The failure of Australia’s OneSKY air traffic management system is usually described as a contract management problem. It is not. It is a story about an incentive structure designed to contain costs, with its ceiling set at twice the supplier’s original bid, that then produced the outcome that structure guaranteed.

ANAO Auditor-General Report No. 46 of 2024-25, tabled in July 2025, found that Airservices Australia’s management of the joint civil-military air traffic management system (CMATS) was ‘partly effective’. The incentive-based pricing model ‘has not been fully effective in containing costs’. Performance management mechanisms exist but ‘do not provide associated consequences for supplier underperformance’. Forty-seven contract variations have produced cost increases and schedule extensions. The total estimated programme cost is $4.1 billion. Delivery is ten years behind schedule. This is the third ANAO audit of OneSKY.
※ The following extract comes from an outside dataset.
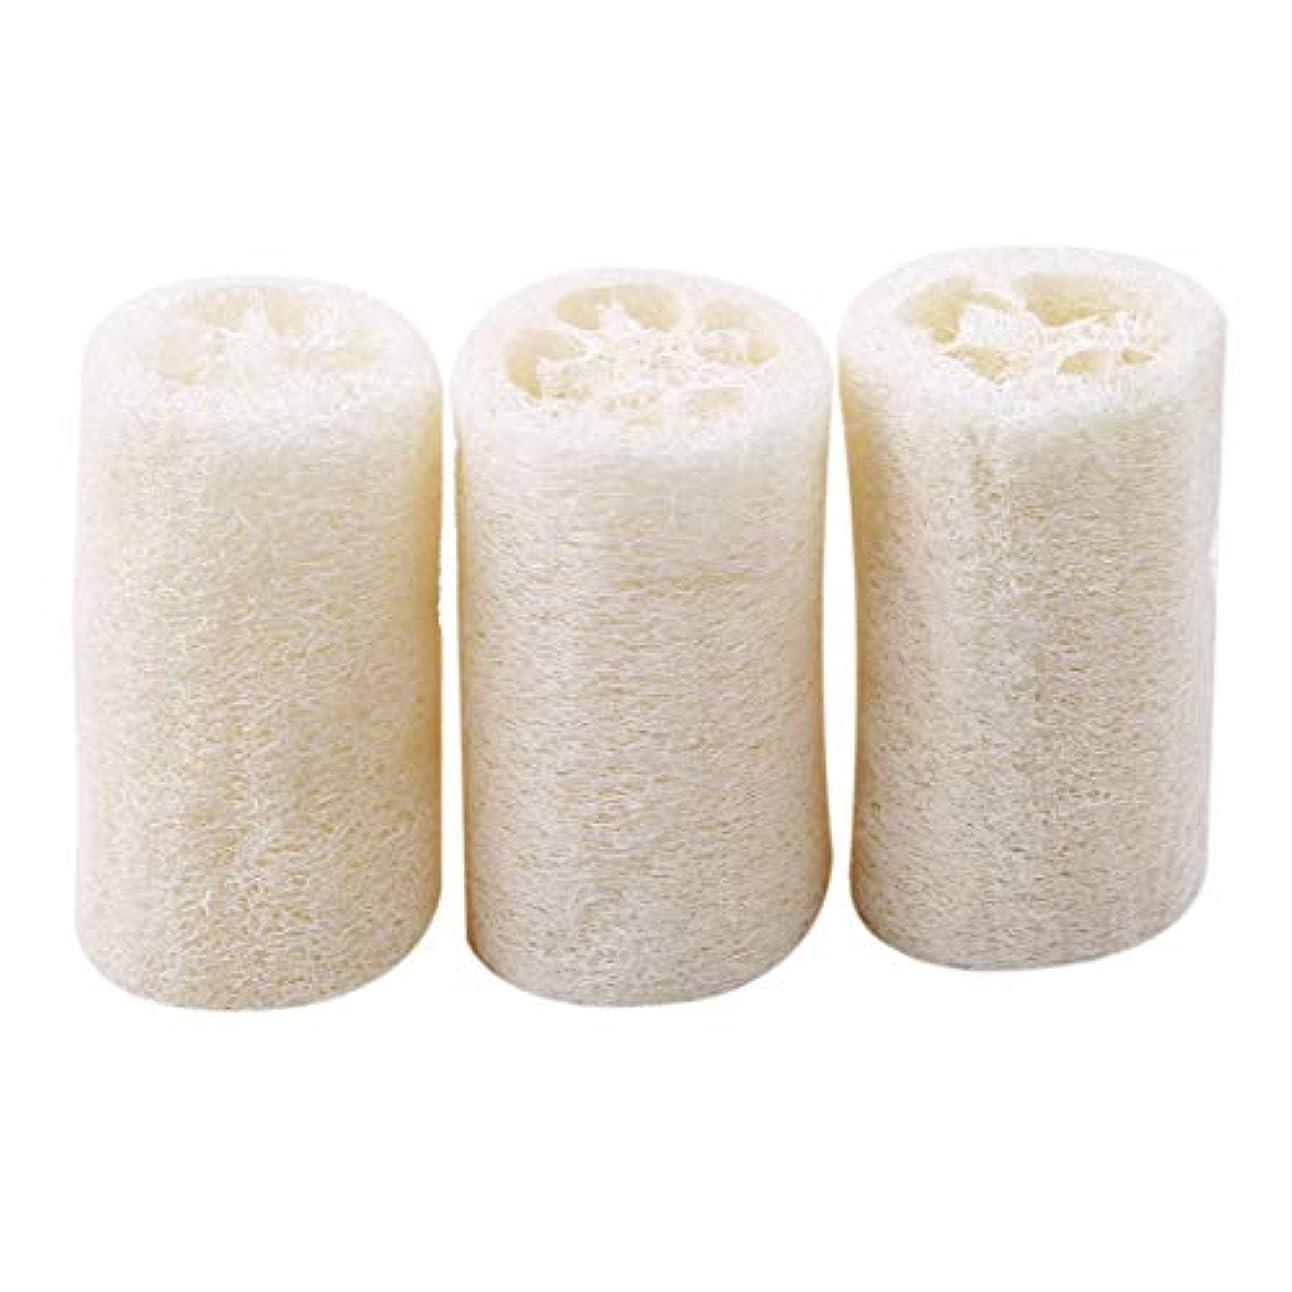 裏切り者エコー収入Onior 耐久性 ボディースポンジ へちま お風呂 清掃 洗浄作業 3個セット

The incentive model’s failure is not a mystery. The winning tender for OneSKY was submitted at $630 million on a firm fixed-price basis. Between tender award and contract signing, the successful tenderer — which the 2019 ANAO audit noted had a ‘strong determination’ to migrate to a cost-plus model — succeeded. The acquisition contract signed in February 2018 set a target price of $1.22 billion and a ceiling price of $1.32 billion. That is more than double the fixed-price bid, renegotiated by the party with the most to gain from renegotiating it.
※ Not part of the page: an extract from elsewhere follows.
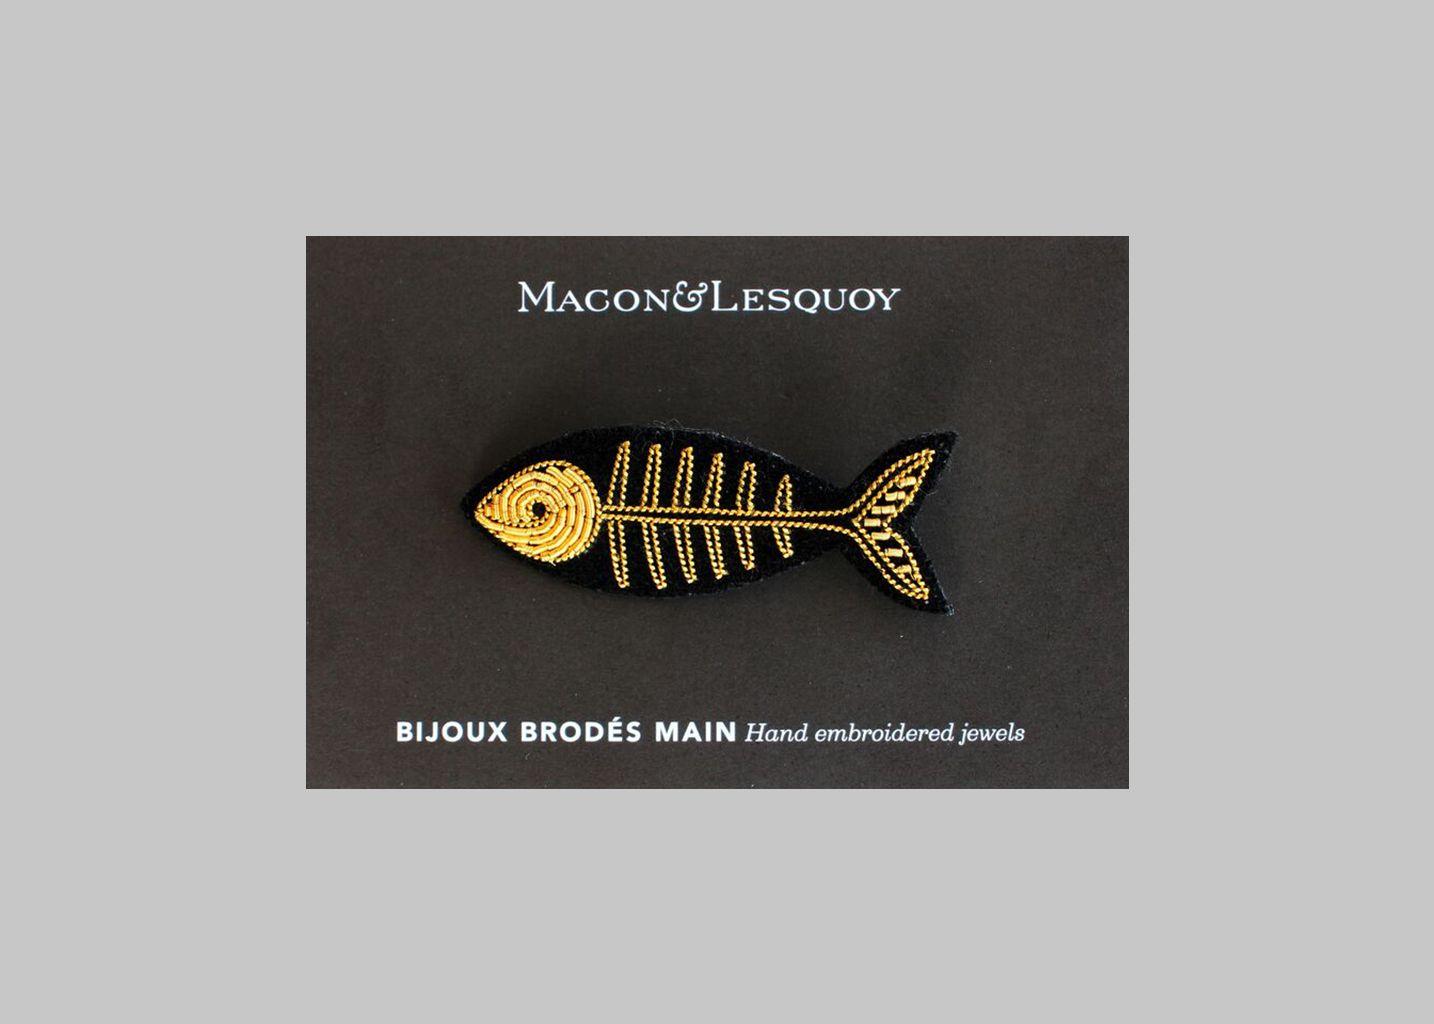 Broche Poisson - Macon & Lesquoy

Under a target cost incentive model with a ceiling at $1.32 billion, Airservices reimburses Thales for actual costs up to the ceiling. Costs and savings against the target are shared. The structure creates an incentive to incur costs toward the ceiling while accruing shared-savings benefits on any underspend against target. The ceiling was not set in relation to what the work should cost. It was set at twice a recently submitted fixed-price bid for the same work by the same supplier. The resulting incentive is not to deliver efficiently. It is to deliver expensively, but short of the ceiling.

In 2024, after OneSKY was placed on the Projects of Concern list, programme-level KPIs were introduced as a remedial action. The 2025 audit found those KPIs ‘do not provide associated consequences for supplier underperformance where relevant’. The remedy applied to a programme of concern did not address underperformance. It documented it.
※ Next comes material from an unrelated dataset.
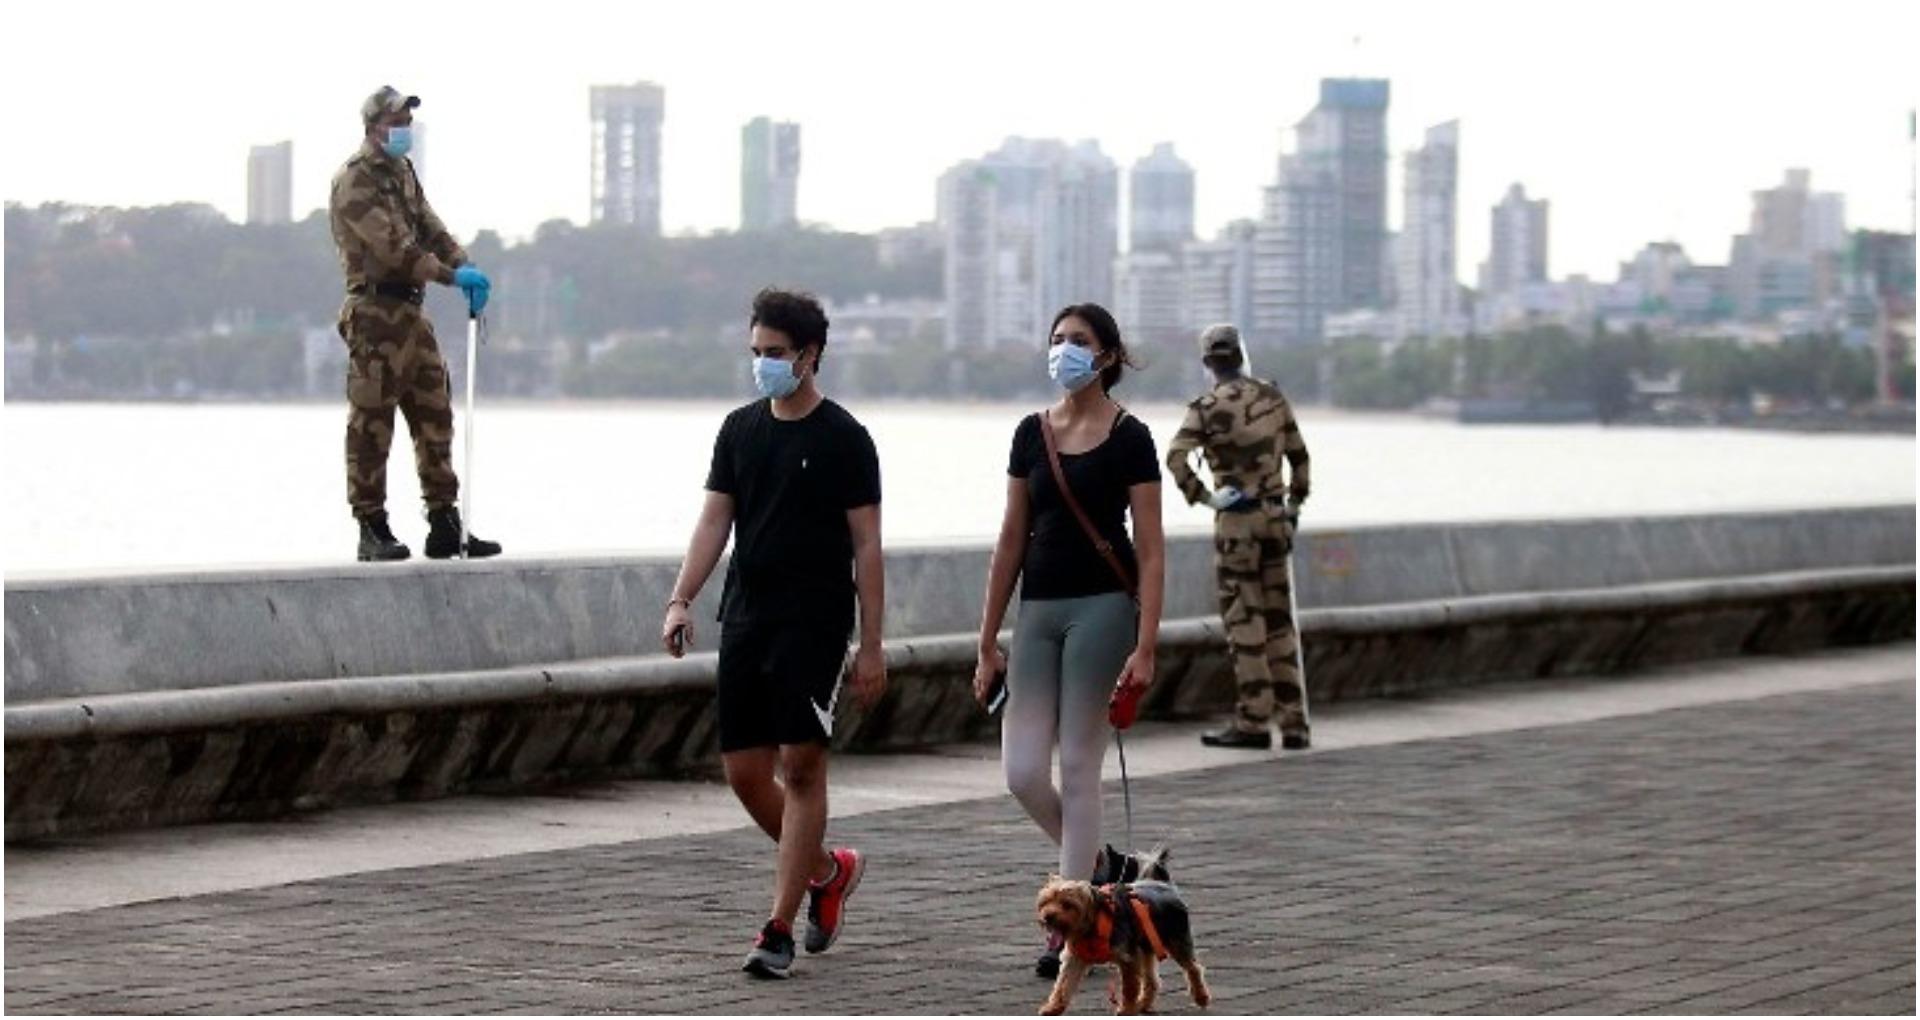 मुंबई ने वुहान को छोड़ा पीछे, कोरोना एक्टिव केसेस 50,878, वहीं महाराष्ट्र में 90,000 केसेस पार

A value for money case for converting a $630 million fixed-price contract to a $1.32 billion cost-incentive model would require demonstrating that the risks being transferred to the Commonwealth under the new arrangement were worth the additional $690 million. The 2019 ANAO audit found the rationale for the migration was thin. The 2025 audit found the same structural problem, seven years later, and recommends updating the contract management plan.

The contract management plan is not the problem. The incentive structure was the problem, and it was set at contract signing in February 2018 at twice the supplier’s own assessment of what the work should cost. Three audits over nine years have recommended improving the plan. None has named what was locked in before the work began.